The with/without criterion. You only factor in cash flows that will change if you do the project. So your baseline is what would cash flows be if you don’t do the project (without). Then you can see the cash flows that will come about if you do the project (with).
Give an example of a sunk cost.
The idea of a sunk cost is that it is an expense that has already been incurred and so should not be considered when decided whether or not to do a project. An example from the book would be a marketing study completed before deciding whether or not to add a product line. The expense of the study is gone, regardless of whether or not the product line is added. So, having done the study, a model of the cash flows from the new product line should not include the cost of the study. (Of course, the results of the study should influence projections for sales, etc.; it is just the cost of the study that should be excluded)
By convention, in this class, in calculating the weightings for the Weighted Average Cost of Capital, what figure is used to calculate:
• The value of Debt
• The value of Equity
1) The book value (i.e. what appears on the balance sheet) is used for debt
2) The market value (i.e. the publicly-traded share price x the number of shares outstanding) is used for equity.
What is the key modification that is made to the average interest rate that appears on the balance sheet when calculating the cost of debt in weighted average cost of capital (WACC
The average interest rate is multiplied by (1-tax rate) to accurately estimate the real after-tax cost of debt.

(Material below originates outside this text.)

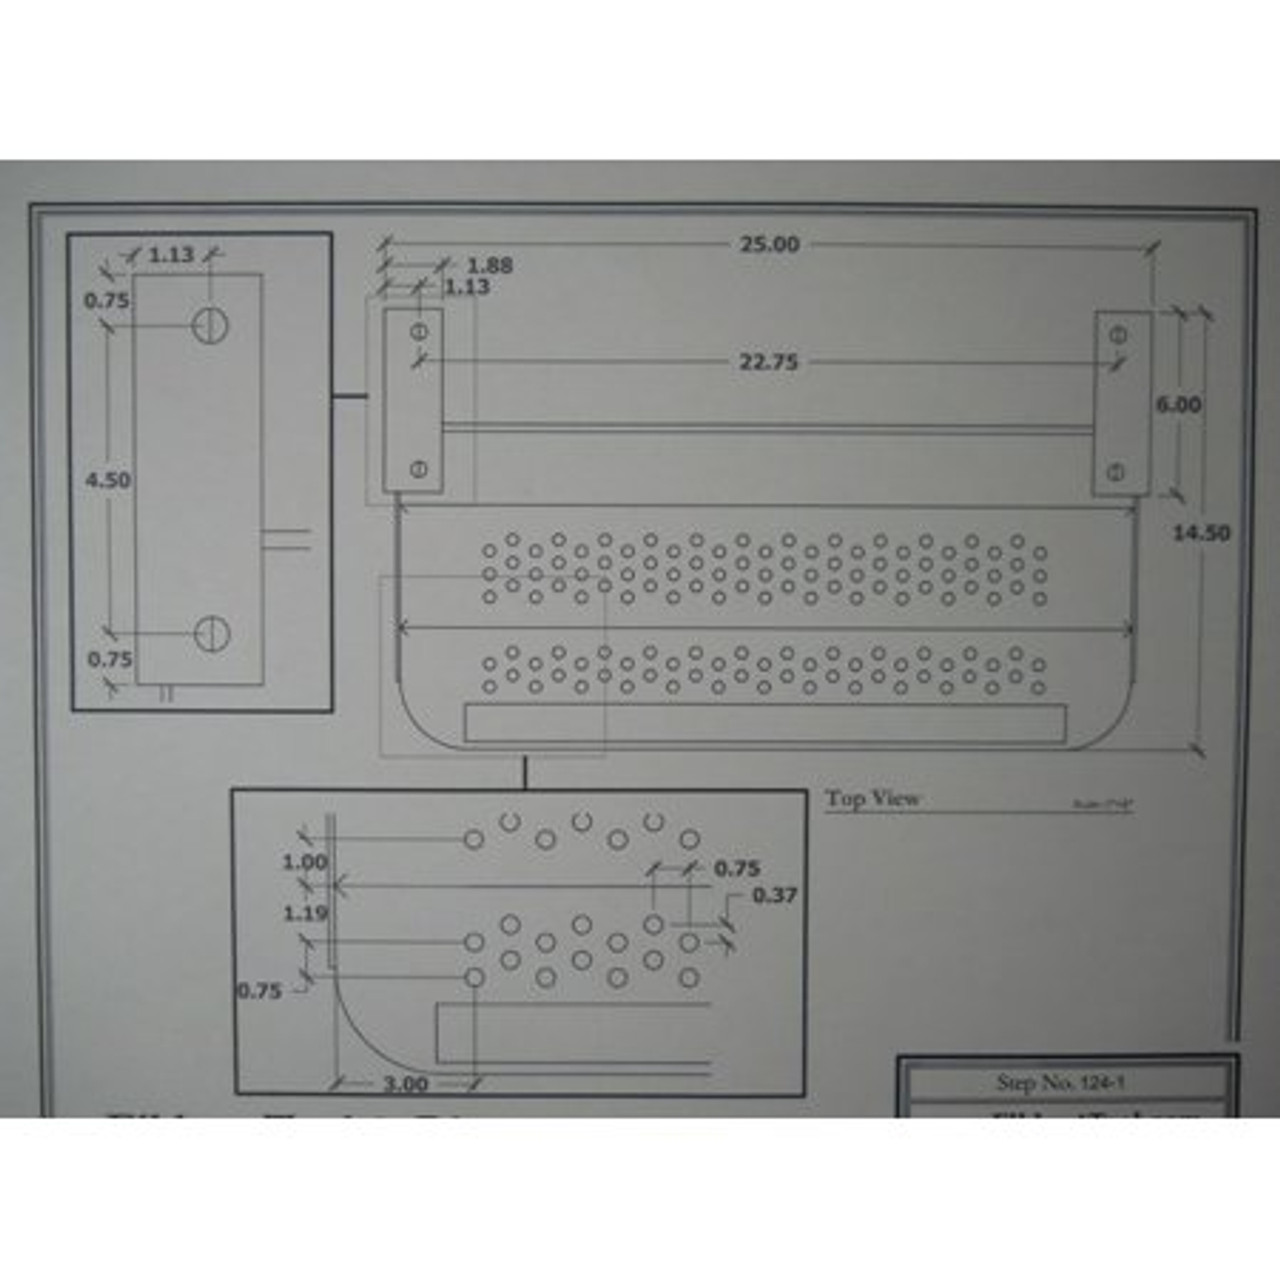 "24"" SINGLE TRAILER STEP - 5"" DROP - (04-1002) DIMENSIONS"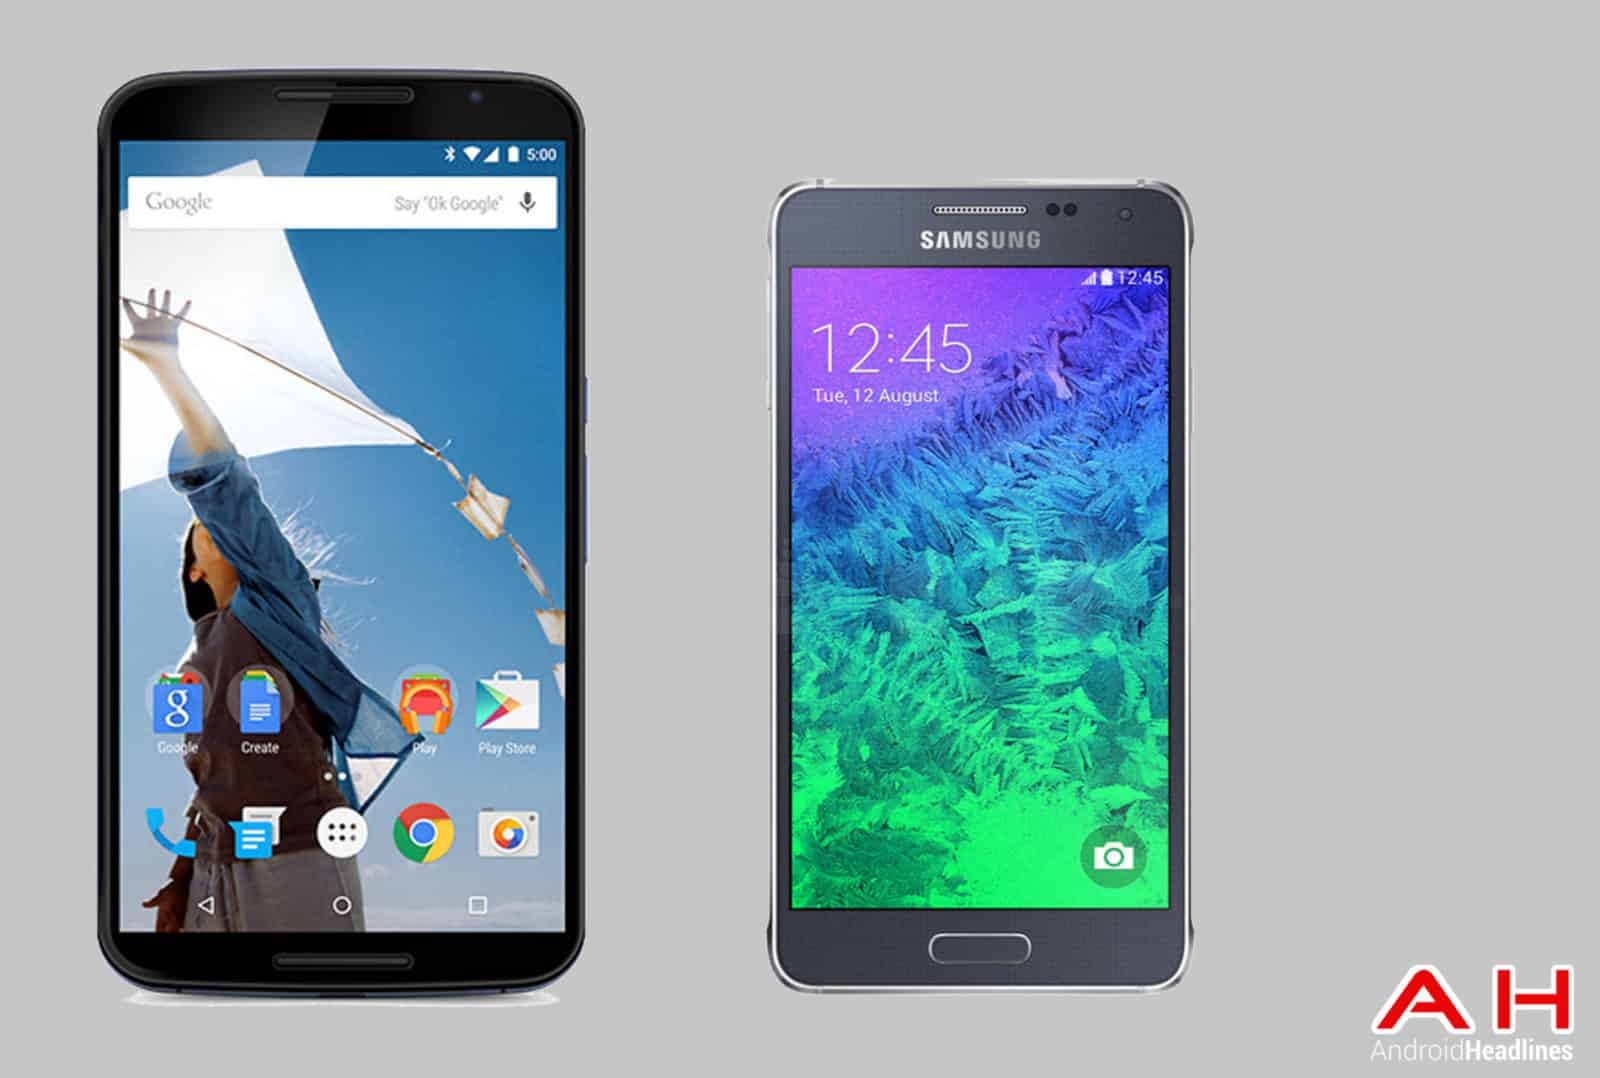 Nexus 6 vs Galaxy Alpha cam AH

If a company has a tax rate of 30% and an average cost of debt on the balance sheet of 7%, what is the after-tax cost of debt?
4.9%
Calculated: 0.07 *(1-0.30) = 0.049
In making a weighted average cost of capital calculation, how is the cost of equity typically calculated?
By using the Capital Asset Pricing Model:
Re = Rf+ Beta(Rm –Rf)
Where:
Re = the return equity investors expect from the firm
Rf = the risk-free rate of return
Beta = The stock’s sensitivity to market fluctuations
Rm = the return equity investors expect from the market as a whole
If you are running a company to be as efficient in its use of assets as possible, would you like to see Days Sales in Inventory (DSI) rising or falling?
Falling. Maintaining inventory requires capital, you want to employ as little capital as possible.
From the standpoint of assets required, what would be a perfect business?
A business that generates cash without requiring any assets. The example given in class was a wallet that just magically refilled itself, but even there, you have an asset in the form of the wallet. Perhaps the perfect business would be a magic spell, which, when uttered, causes cash to appear in your hand.
If you are running a company to be as efficient in its use of cash as possible, would you like to see Days Sales Outstanding (DSO) rising or falling?
Falling. DSO represents sales where you have not yet collected the cash. You are effectively making a loan to your customers. The loan appears as an asset on your balance sheet. To maximize your cash on hand, you want to collect the money from your customers as quickly as possible.
If you are running a company to be as efficient in its use of cash as possible, would you like to see Days Payable Outstanding (DPO) rising or falling?
Rising: Your payables are supplies that you have received but not yet paid for, they effectively represent a loan from your suppliers, so you want to take advantage of that free credit as much as possible.